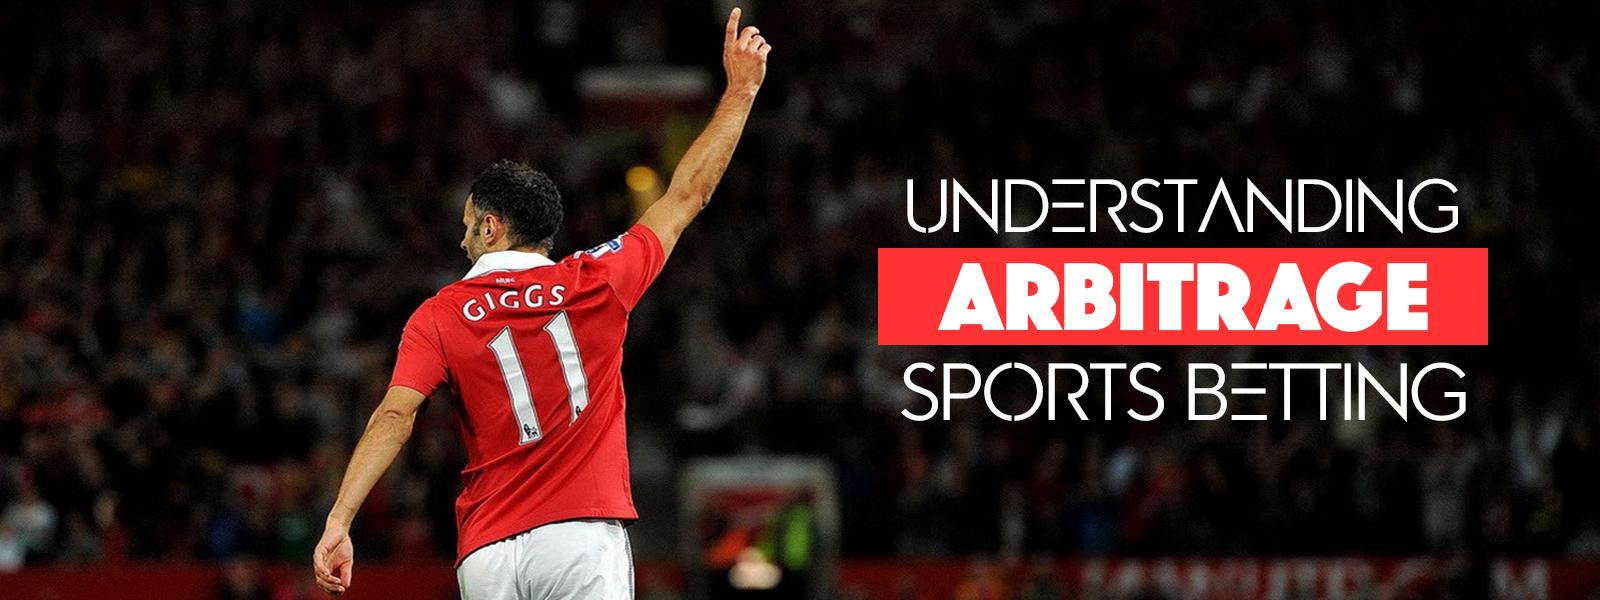 Understanding Arbitrage Sports Betting
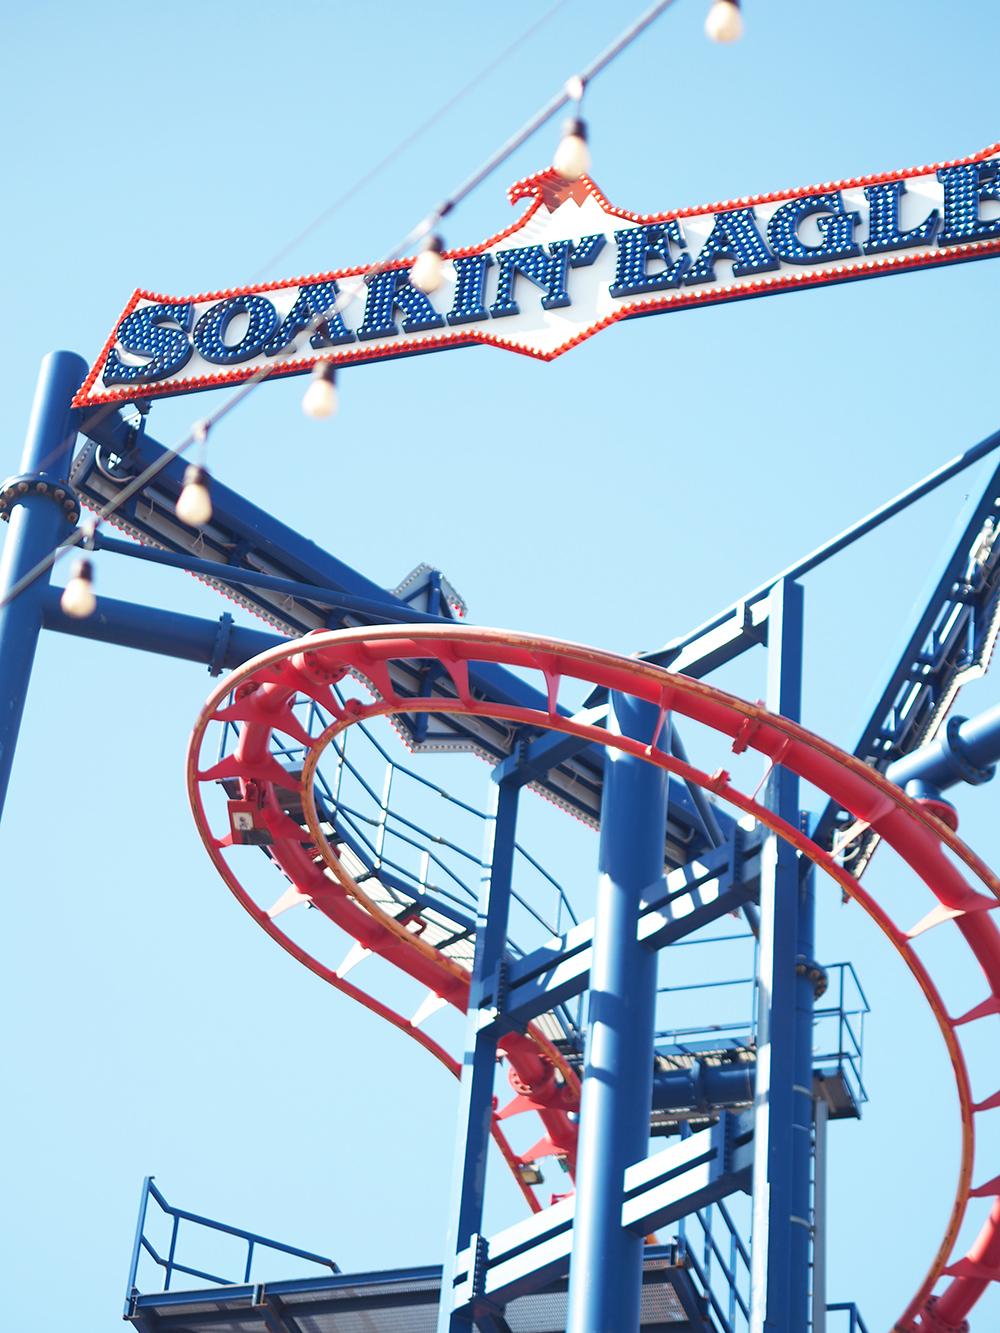 Coney Island funfair soaring eagle
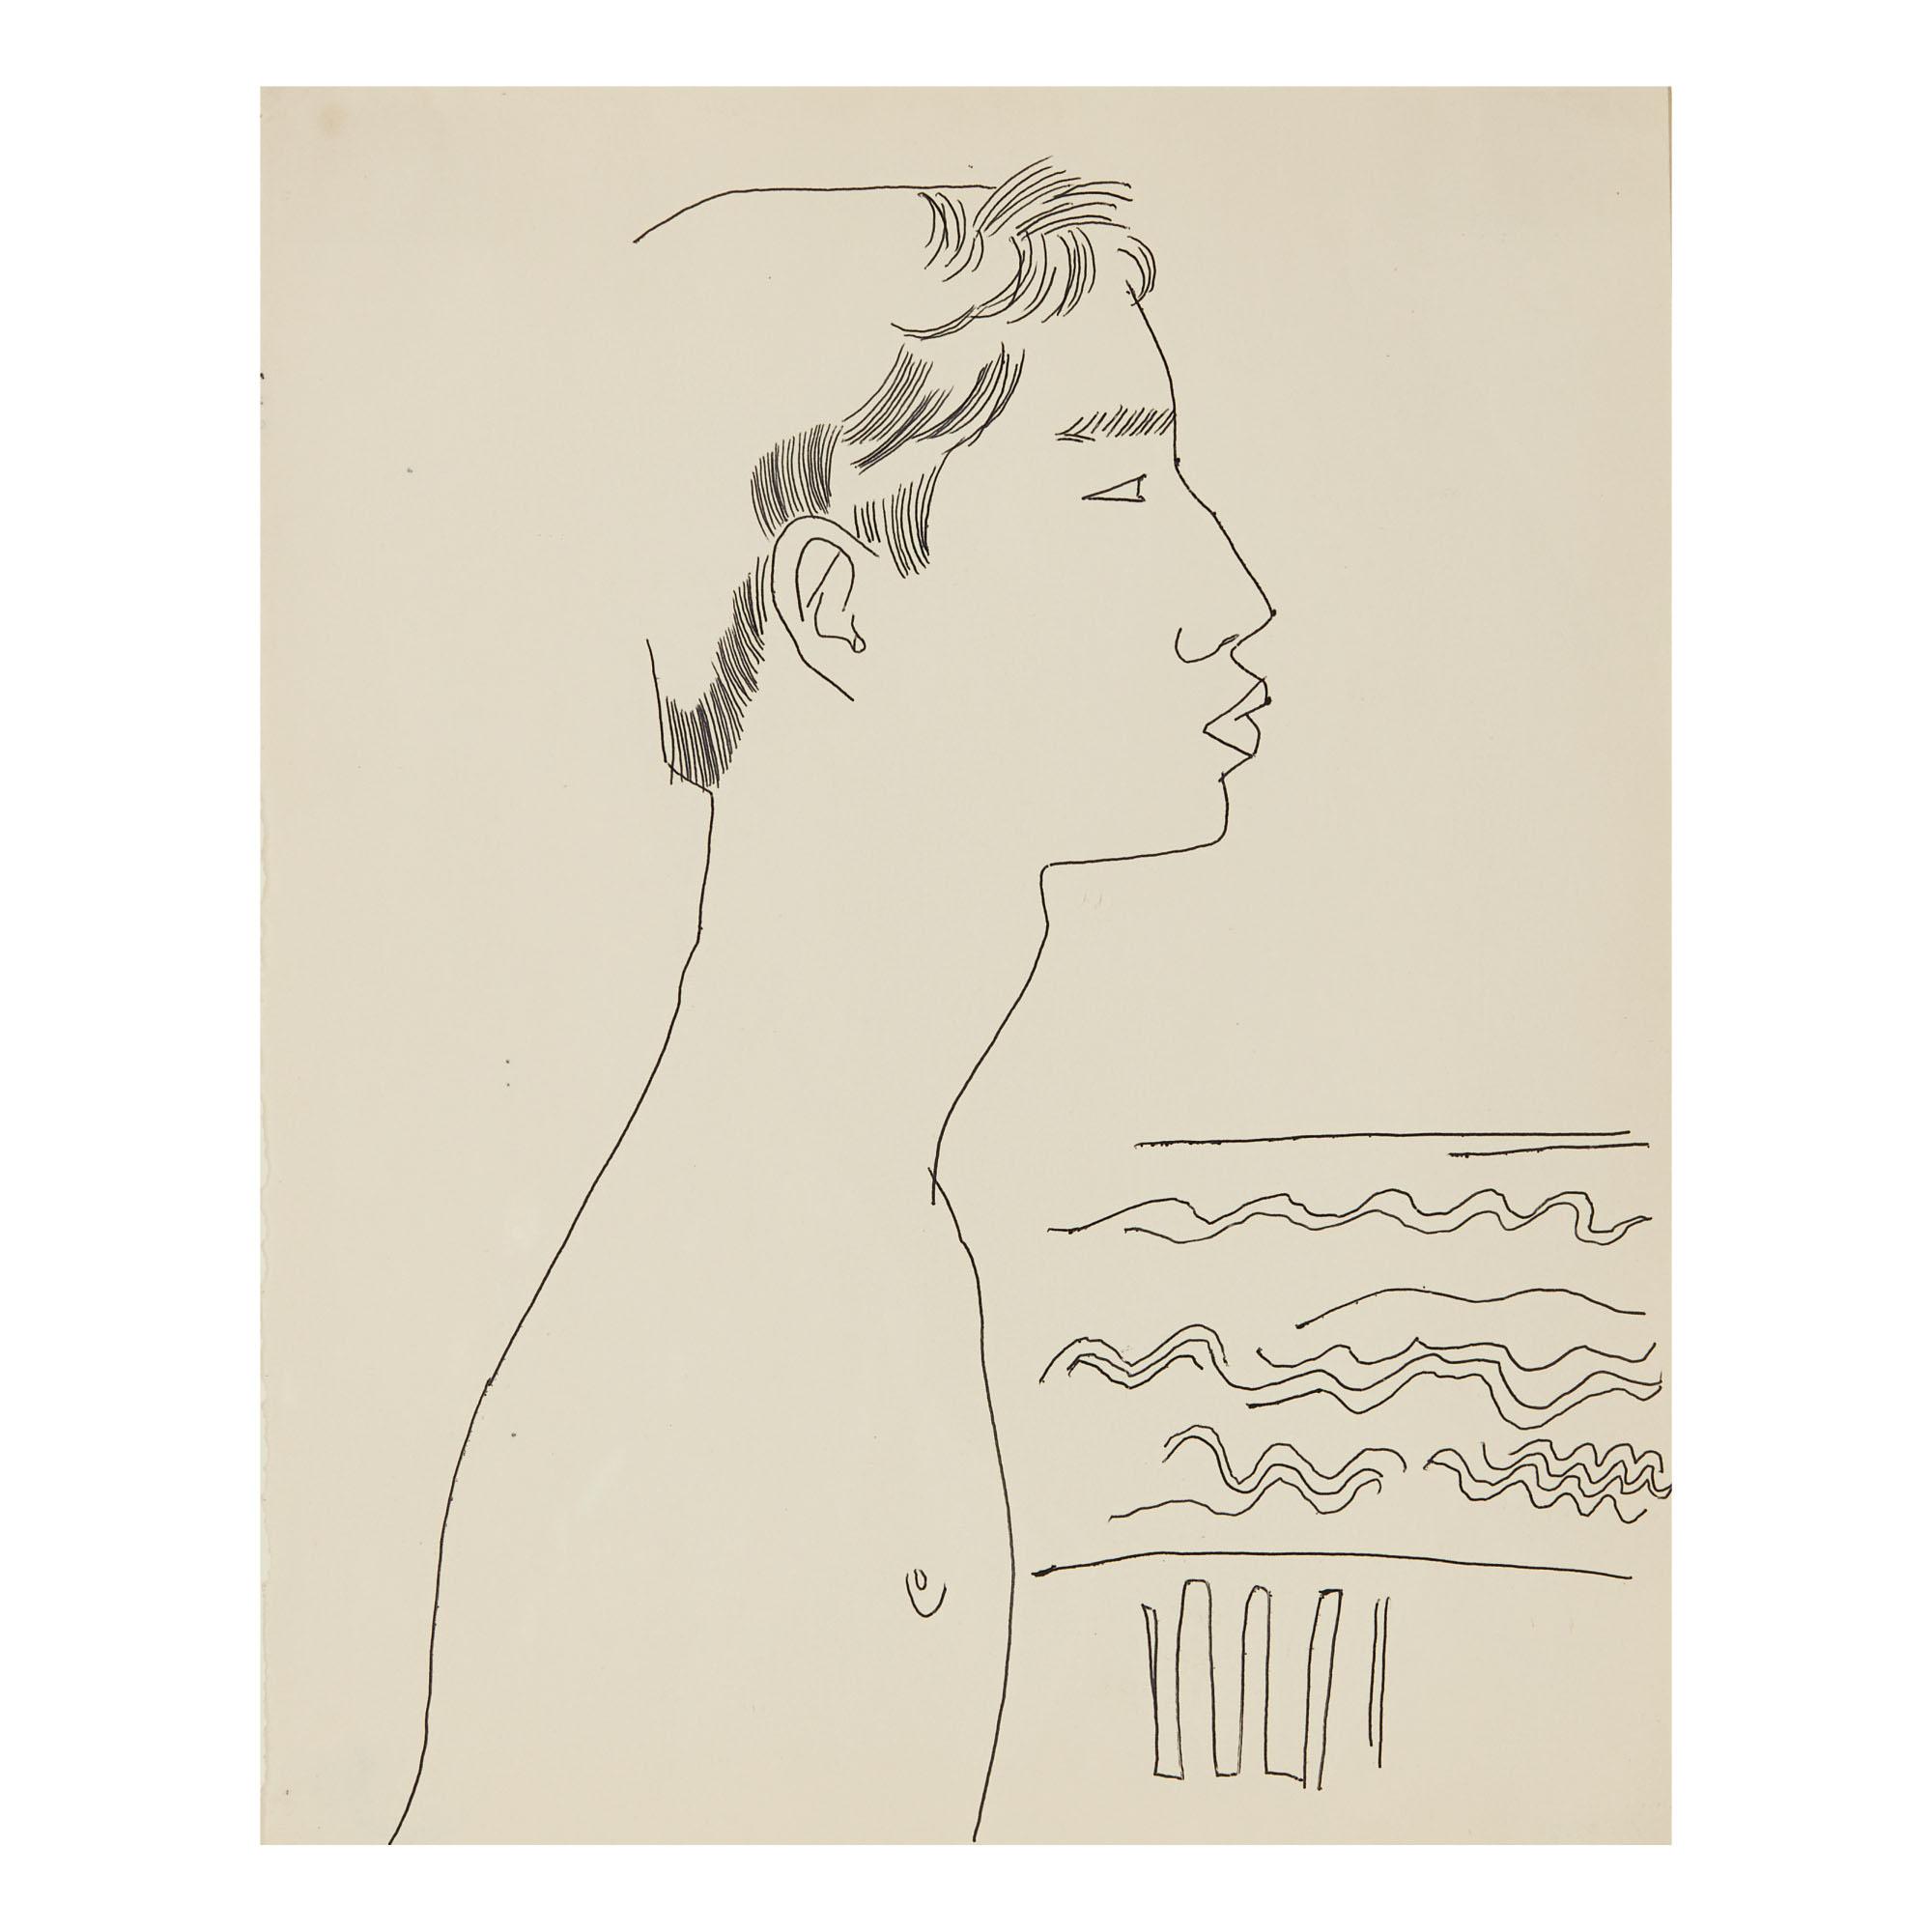 ANDY WARHOL | MALE PROFILE BY SEA

■ Exercise
Print the lines from the line with "Coney Island funfair soaring eagle" to the end of the data above. Include both ends, exclude the pictures, and add nothing else.

■ Task solution
 Coney Island funfair soaring eagle
 ANDY WARHOL | MALE PROFILE BY SEA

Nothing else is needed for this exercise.